What Today’s EMBA Program Looks Like

THE TYPICAL EMBA classroom and curriculum is changing a little—not a lot—while program structures and student demographics remain steady, according to the 2013 Membership Program Survey conducted by the Executive MBA Council, headquartered in Orange, California.
What Today’s EMBA Program Looks Like

Conclusions are based on responses from 314 schools that are members of the EMBA Council.

What’s changing: The percentage of course materials delivered electronically has tripled since 2010, and more programs are offering new electives, formats, and services. The top three new non-elective courses are leadership, law, and innovation/entrepreneurship. The most common and fastest-growing service is alumni networking.

What’s holding steady: Average class size is once again 43, and the average program length continues to be 20 months. Other numbers remain similar to those of previous years: Typical EMBA students have 8.5 years of management experience and 13.7 years of work experience. Just over 25 percent are women.
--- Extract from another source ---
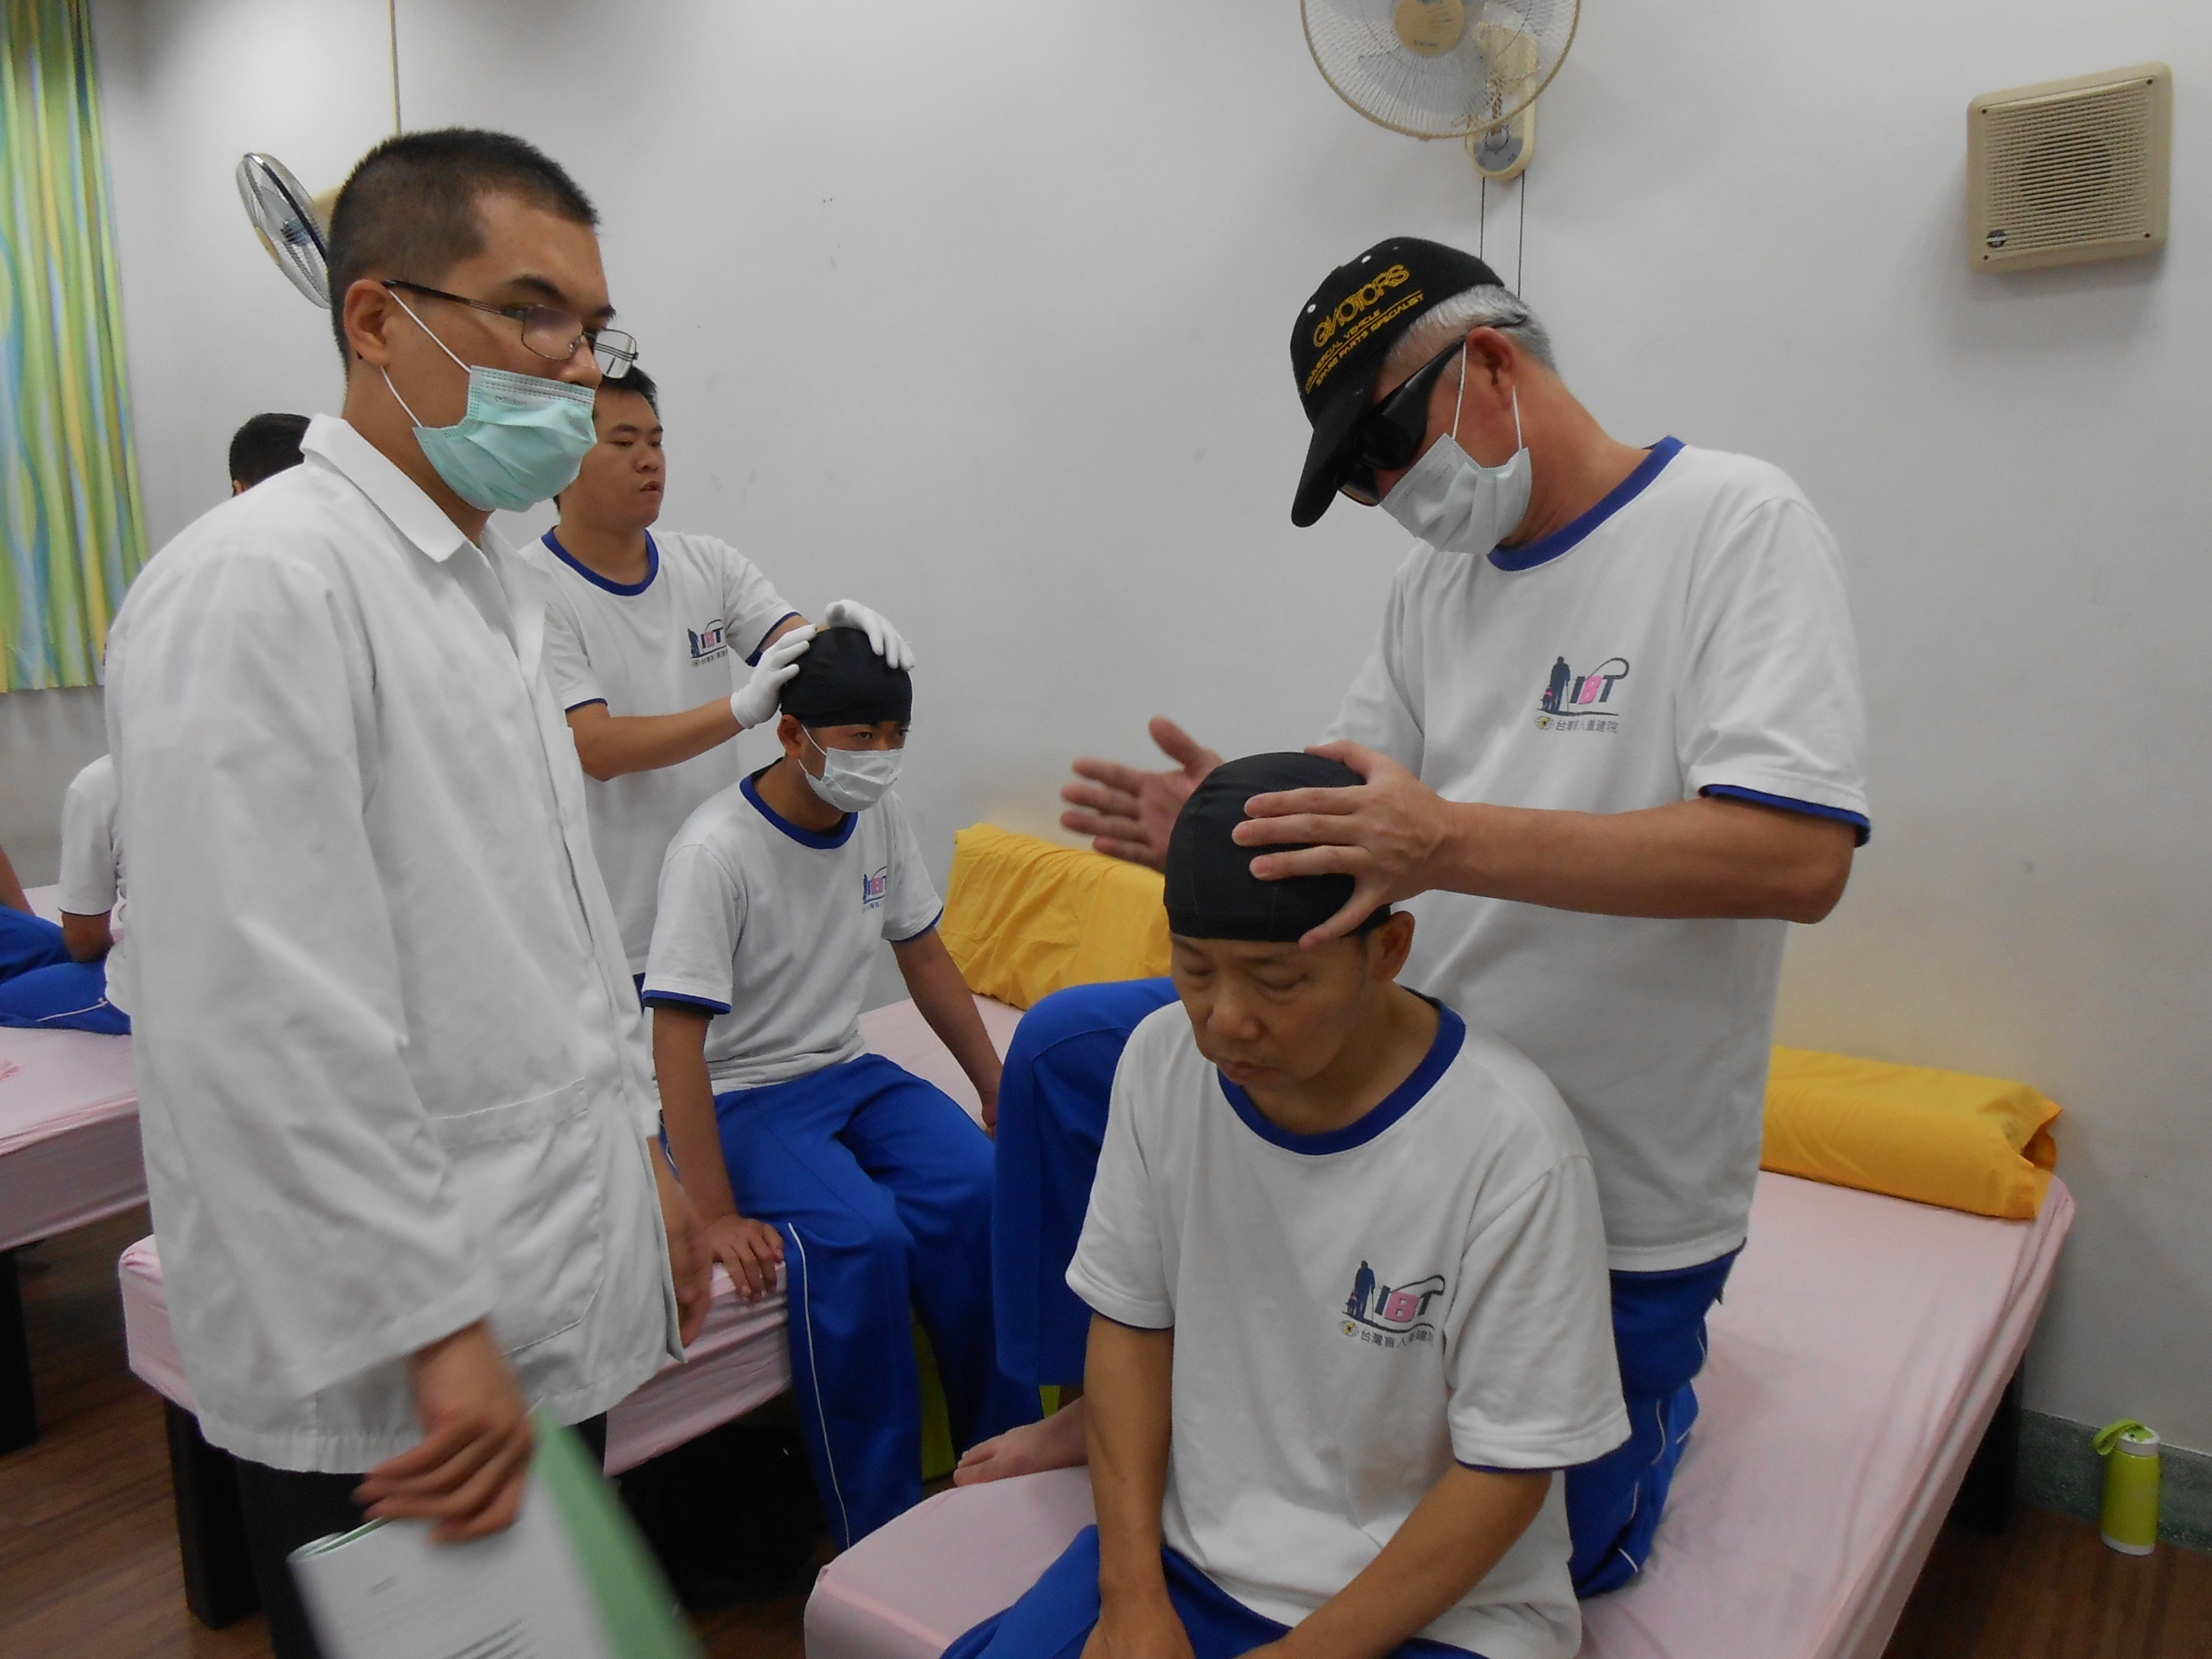 課堂練習頭部按摩
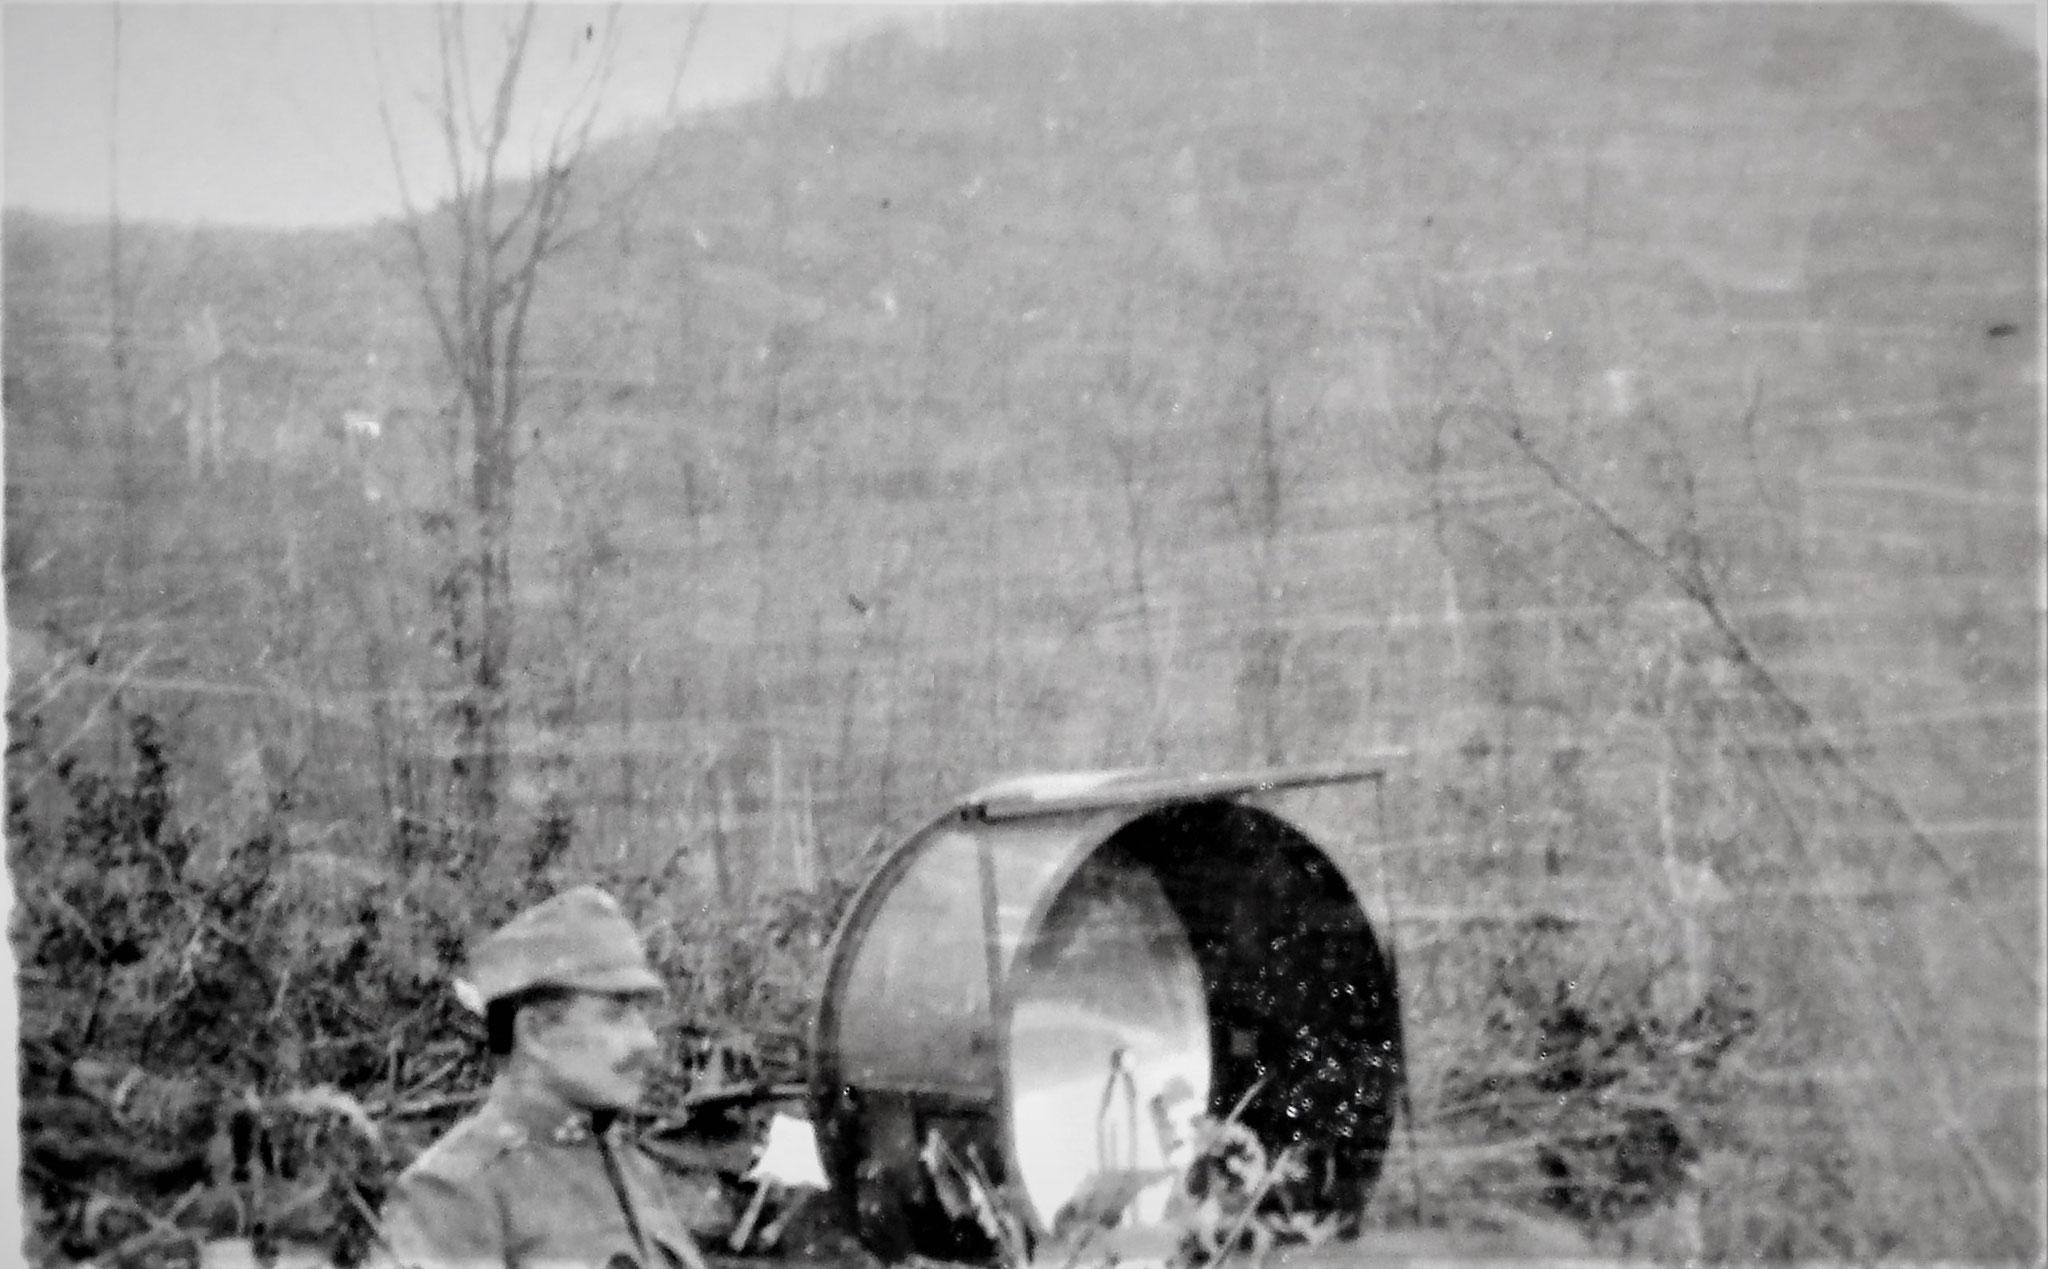 70 cm Scheinwerfer des Subabschnittes (Acetylenlicht).

Other findings: The average program cost is US$73,401, up 1 percent from the previous year. Forty-one percent of EMBA students are fully self-funded, up from 34 percent in 2009, while 24 percent of students receive full financial sponsorship. Fifty-three percent of programs offer scholarships and fellowships.

The survey also shows that there has been a shift toward less frequent class meetings, that almost 66 percent of programs require a global trip, and that China is the most popular destination.